**Problem description:** Everything in the records below from the line containing "Boy cake smash cake on the floor" through the line containing "1954 Chevrolet 3100" is to be reproduced exactly, those two lines included; no picture is to be copied.

**The data:**
:::::

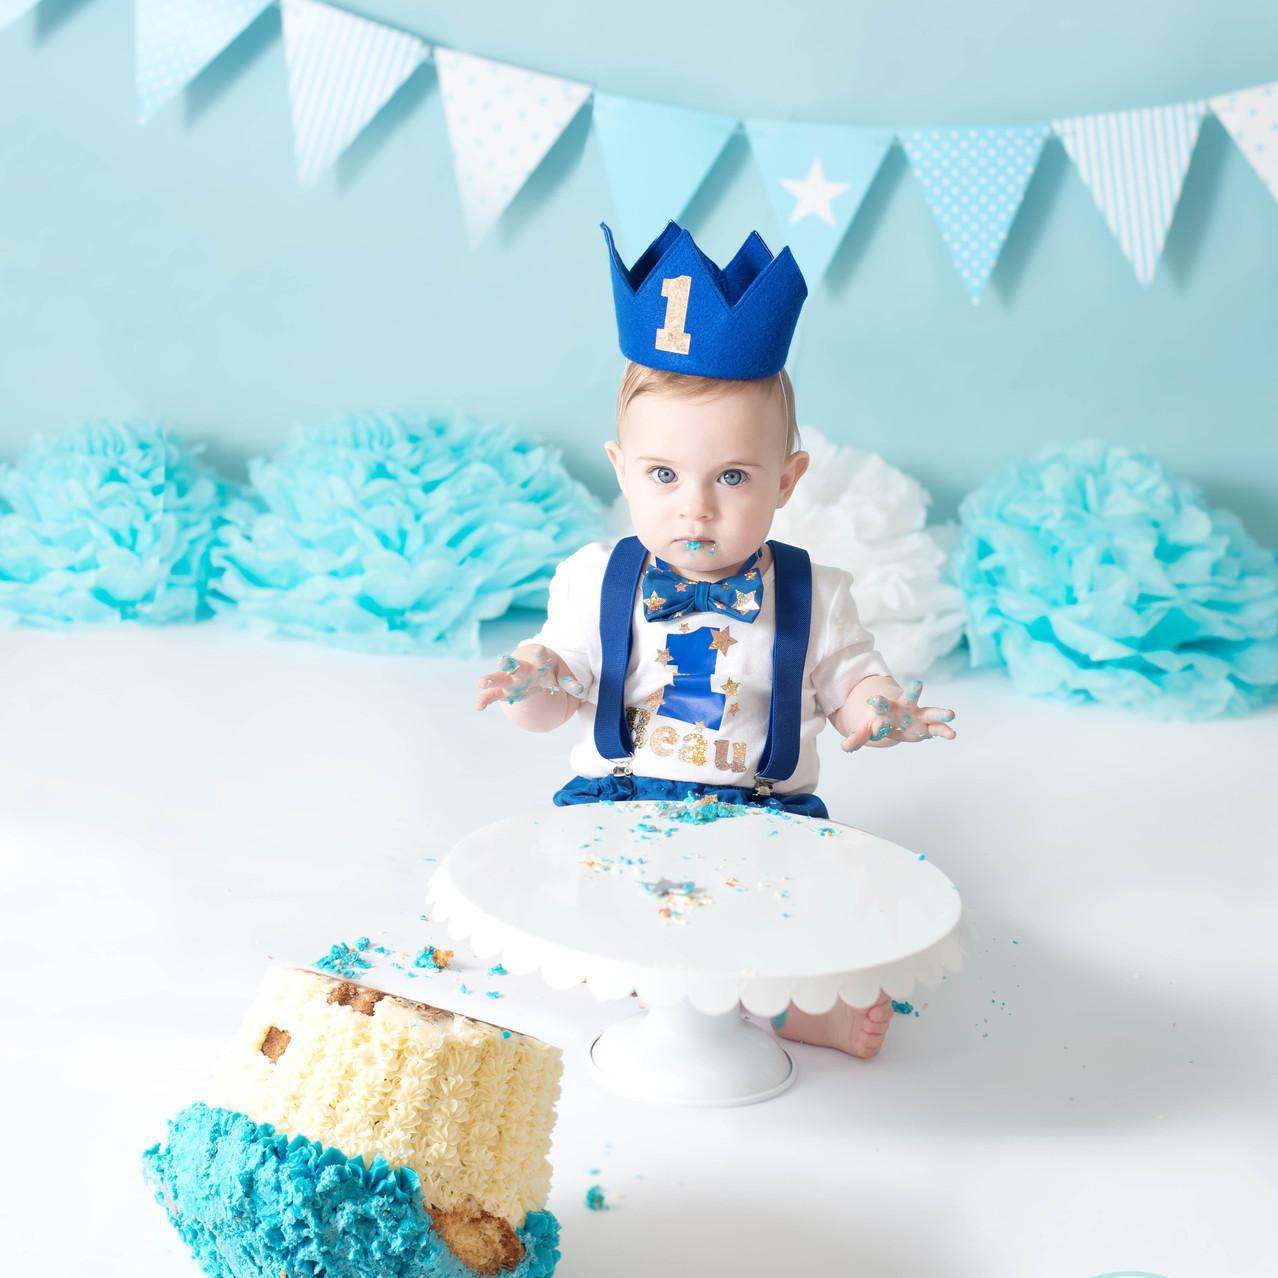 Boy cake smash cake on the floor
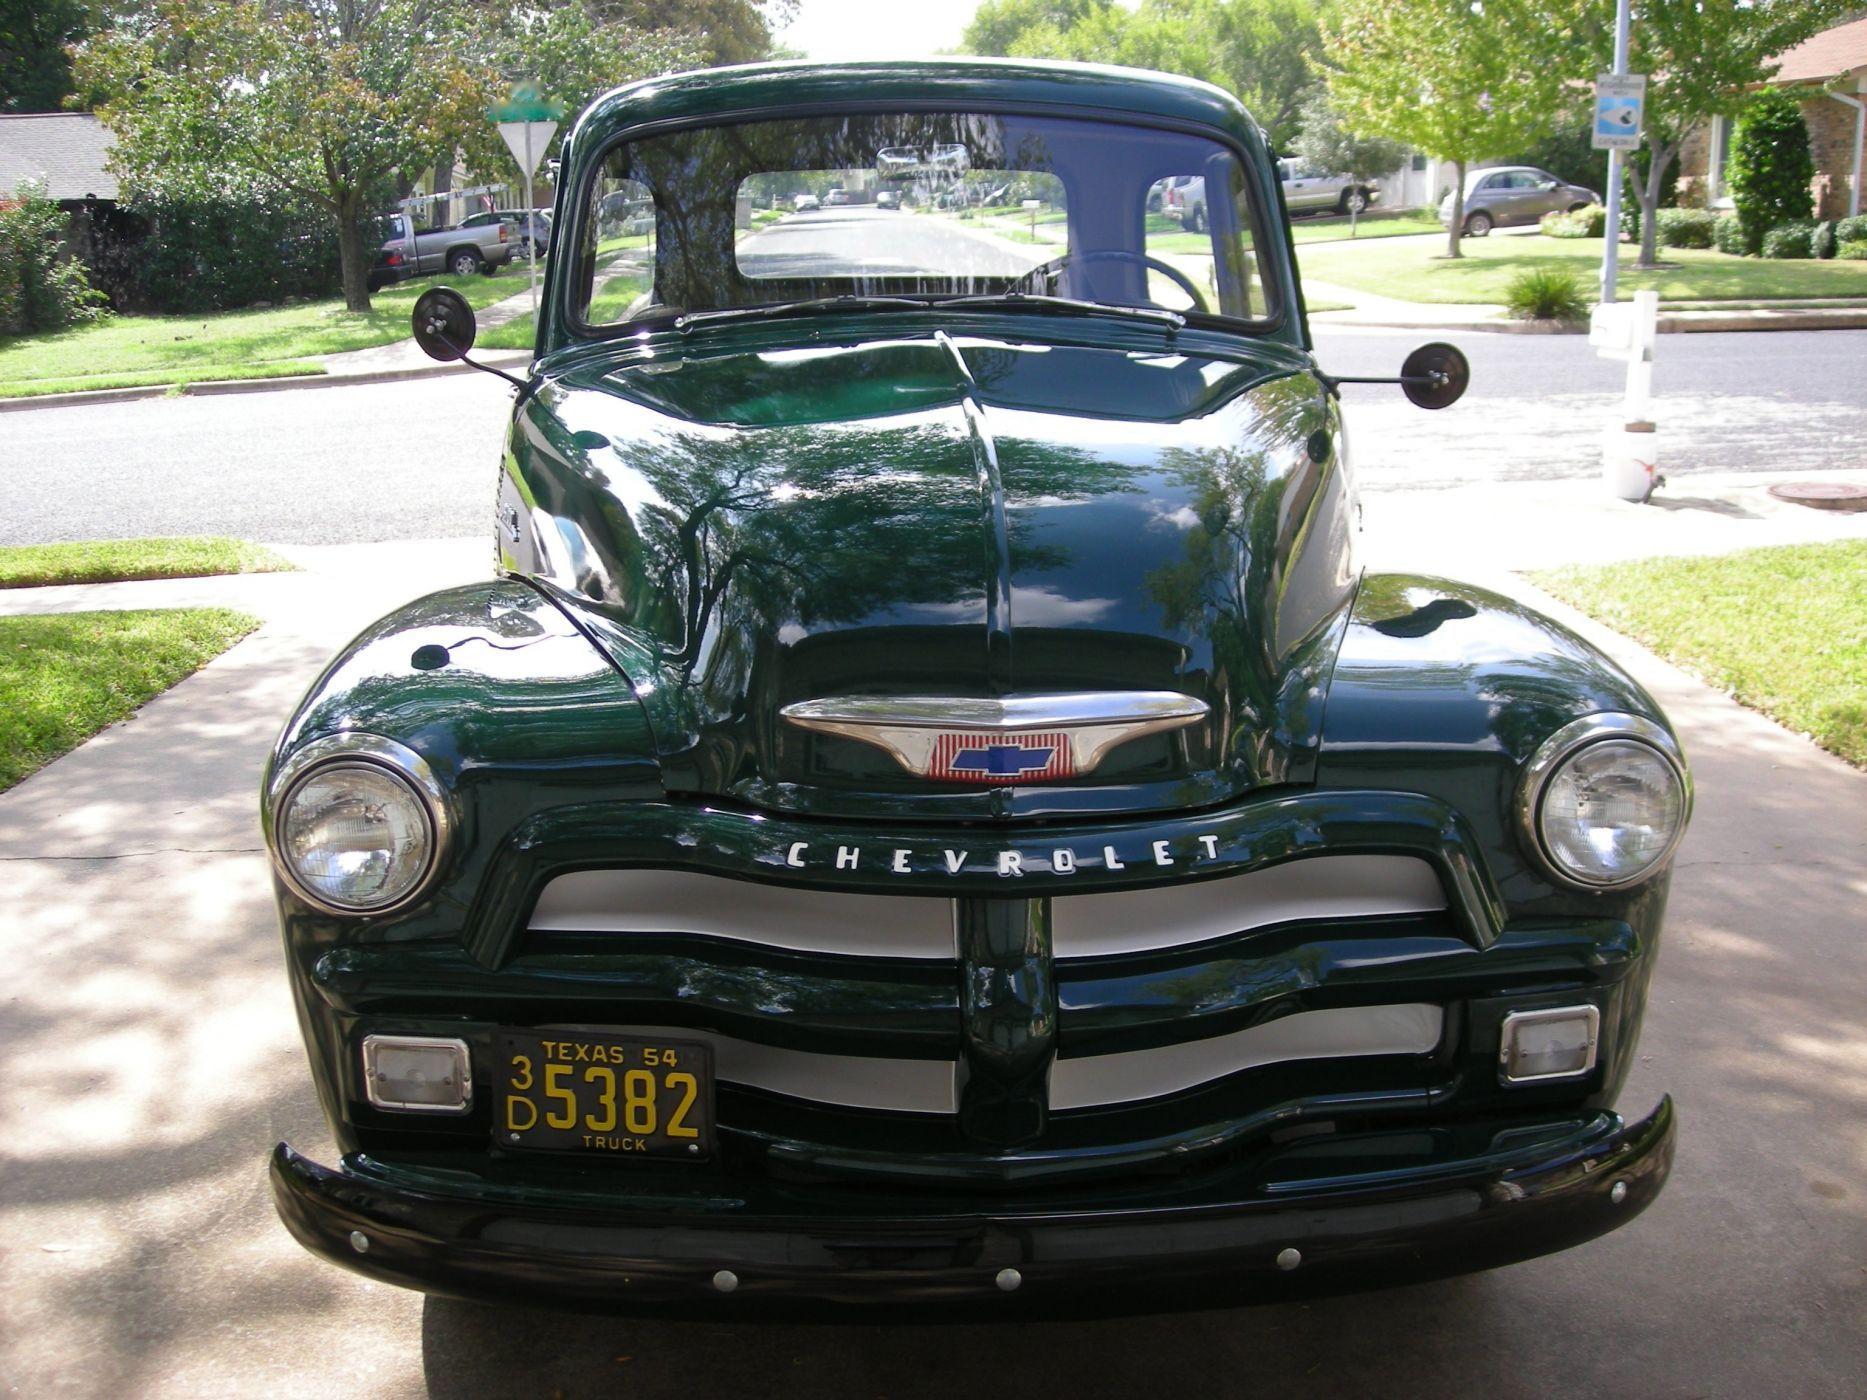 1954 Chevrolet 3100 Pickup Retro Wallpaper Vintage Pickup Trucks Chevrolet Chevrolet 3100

:::::

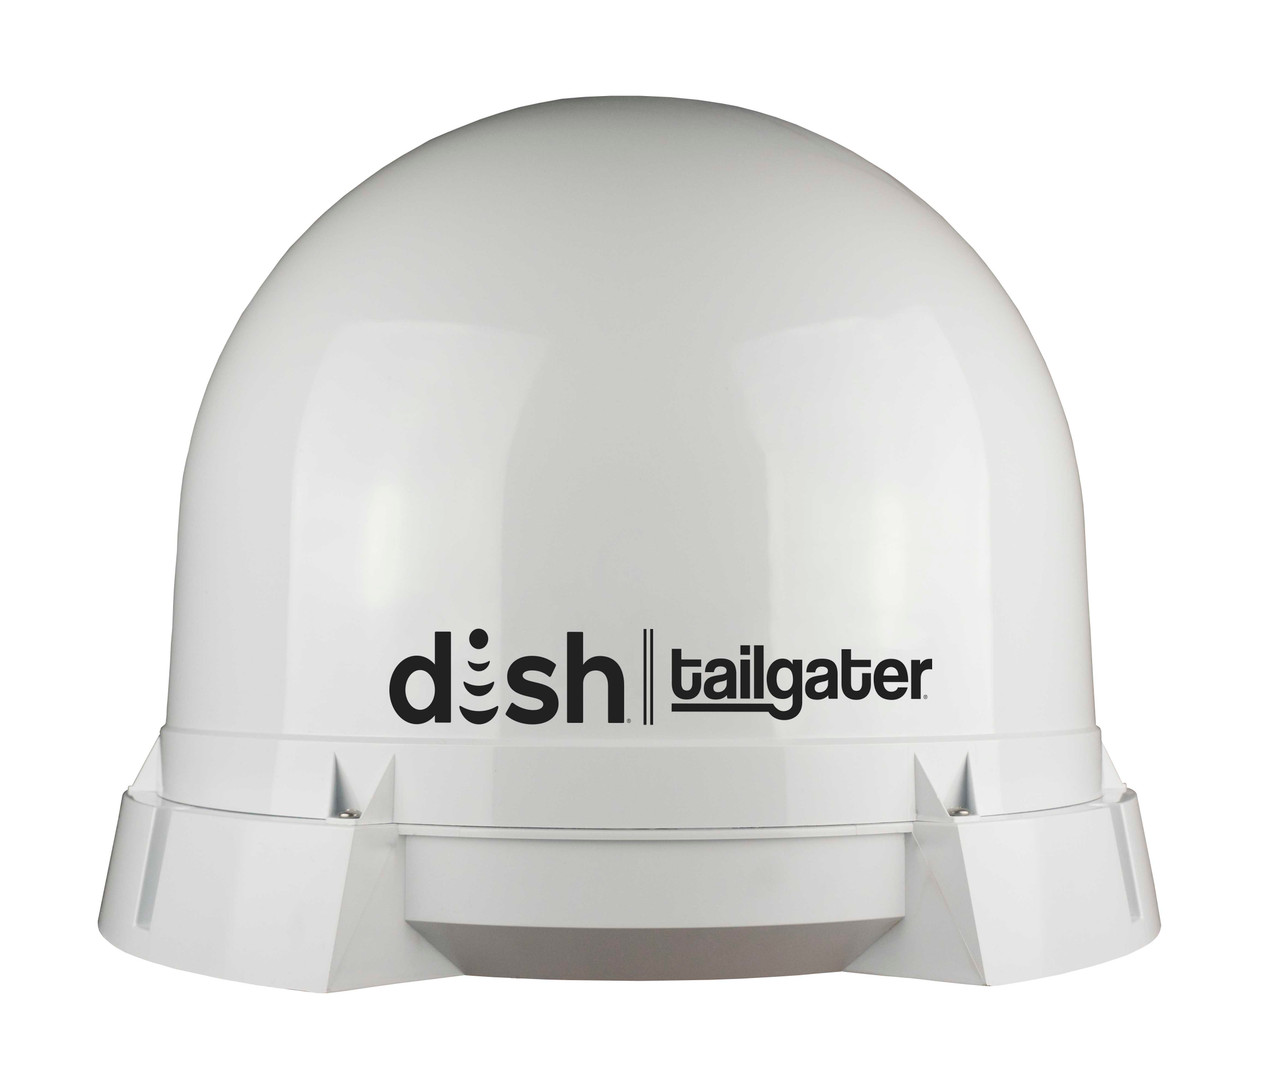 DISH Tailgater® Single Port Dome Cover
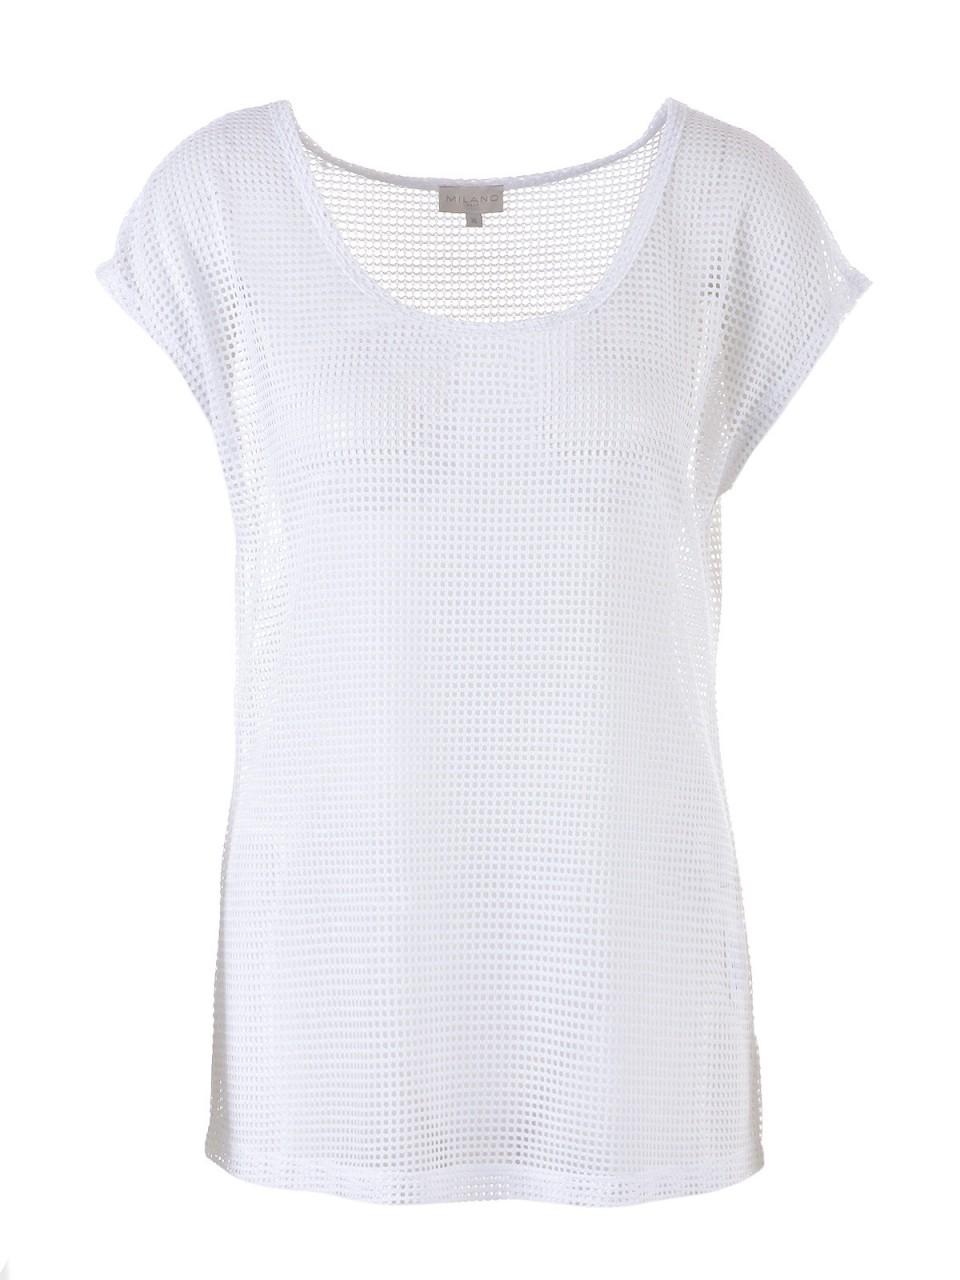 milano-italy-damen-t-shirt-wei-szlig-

:::::

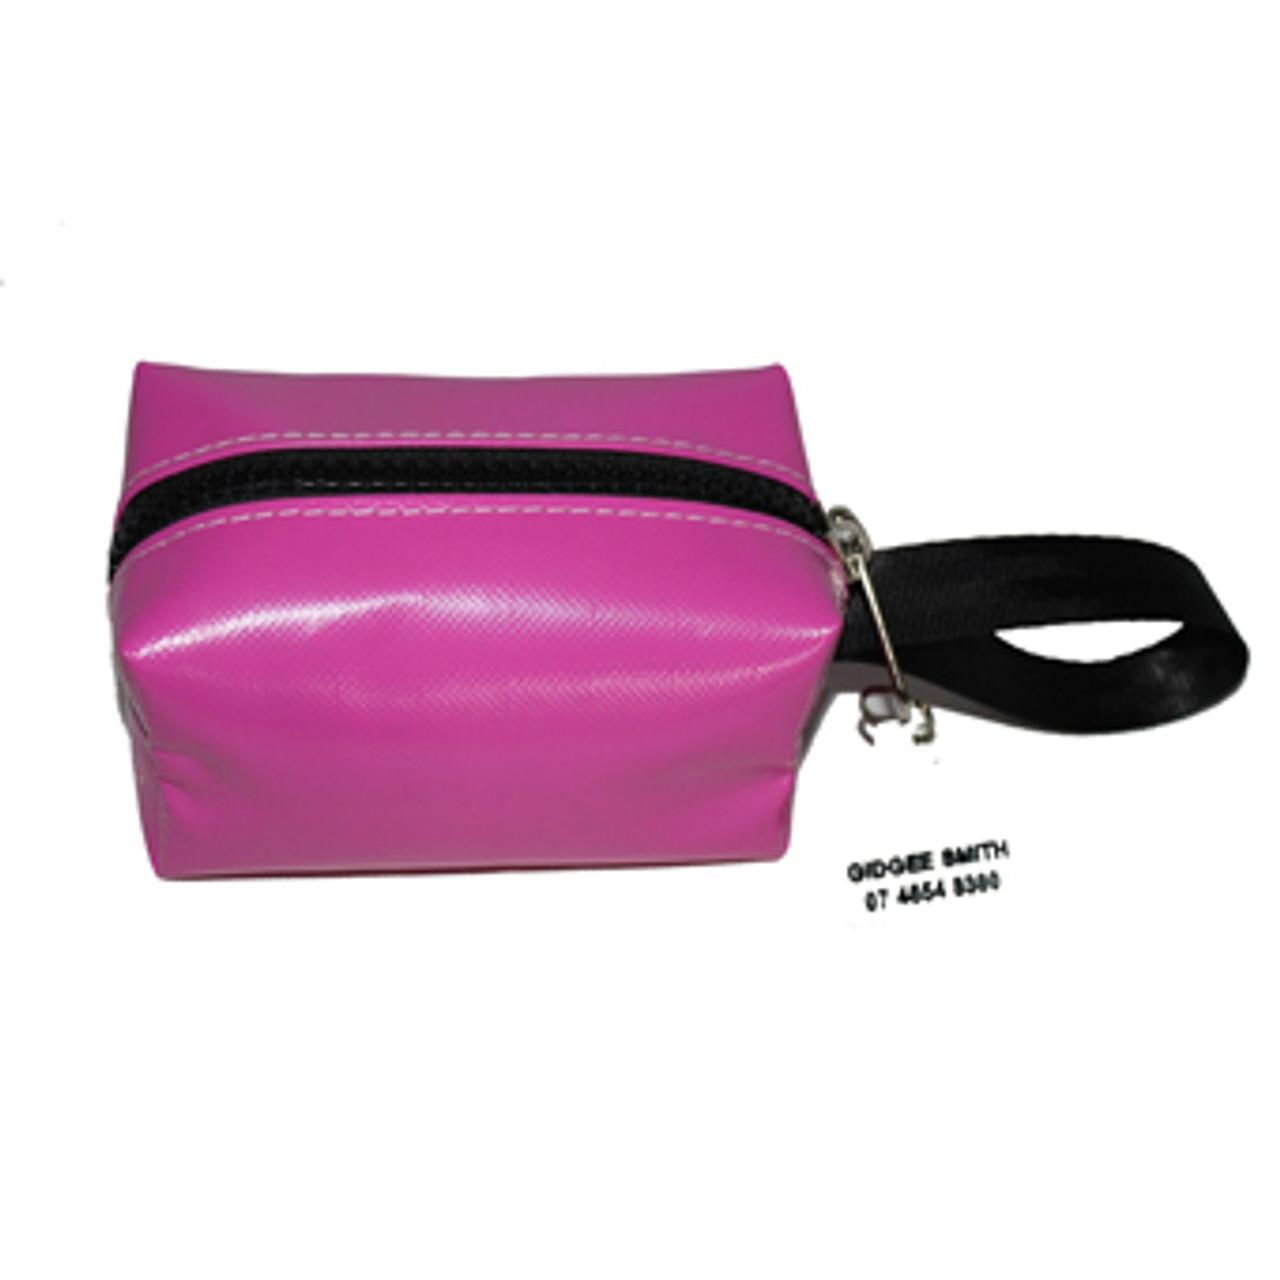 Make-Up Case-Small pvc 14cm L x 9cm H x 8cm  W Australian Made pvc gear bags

:::::

**Result:**
 Boy cake smash cake on the floor
 1954 Chevrolet 3100 Pickup Retro Wallpaper Vintage Pickup Trucks Chevrolet Chevrolet 3100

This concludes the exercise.